Cuando había tirado la pila de archivos y expedientes, antes de la cena, pudo observar que todas ellas llevaban el mismo nombre principal y luego uno secundario. El primer nombre era “Expedientes de Concesión”. Cada carpeta llevaba después el nombre de alguna línea de Ferrocarril y la ciudad correspondiente. Decidió empezar a fisgar en cada una de ellas para encontrar algún dato que le sirviera de corroboración sobre las últimas noticias: la renovación —o no— de las concesiones sobre las líneas. En aquellas carpetas podría hallar la valoración que hacía la empresa sobre las líneas que debían conservar en su poder y aquellas que se podrían devolver al estado argentino, sin el menor de los temores.

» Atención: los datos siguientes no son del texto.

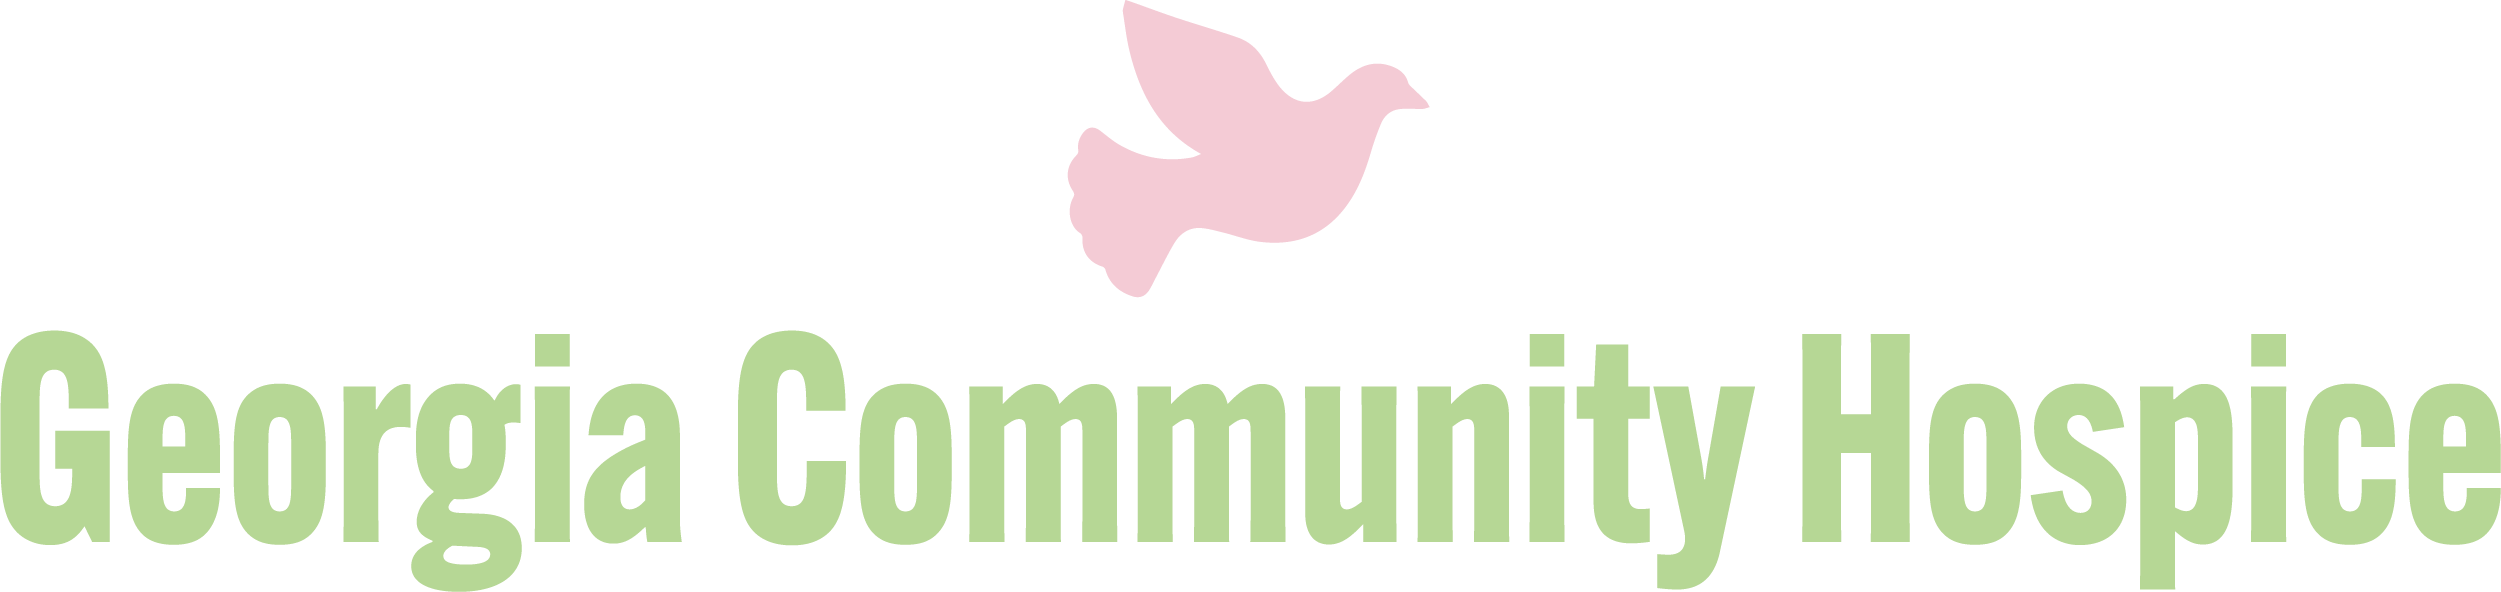 Georgia Community Hospice logo

Fue recorriendo un expediente tras otro, leyendo lo que le parecía más importante según un criterio que había decidido momentáneamente: el primero, la distancia con respecto a la capital y, el segundo, respecto a su finca, en vías de heredar, en la ciudad de Balcarce. Al leer los informes de las carpetas, no pudo evitar una sonrisa de admiración, al apreciar la eficacia endiabladamente precisa de los informantes. Allí se podía hallar no solamente nombres de las fincas, sus valores, sus dimensiones, cuál era la producción aproximada o la capacidad, así como el número de explotaciones o empleados. Pero el toque de exquisitez se dejó notar con la cantidad de información personal sobre los propietarios, datos sobre sus familias y otras propiedades. Se trataba, cómo no, de un material de primerísima calidad, digno de un servicio de información británico, a mayor gloria de su Majestad Imperial, el rey Jorge V.

Eran casi las cuatro de la madrugada y ya había leído una buena cantidad de expedientes, donde halló incluso datos de su propia familia, cuando oyó pasos acercándose al despacho. Sintió alivio al comprobar que era Susana.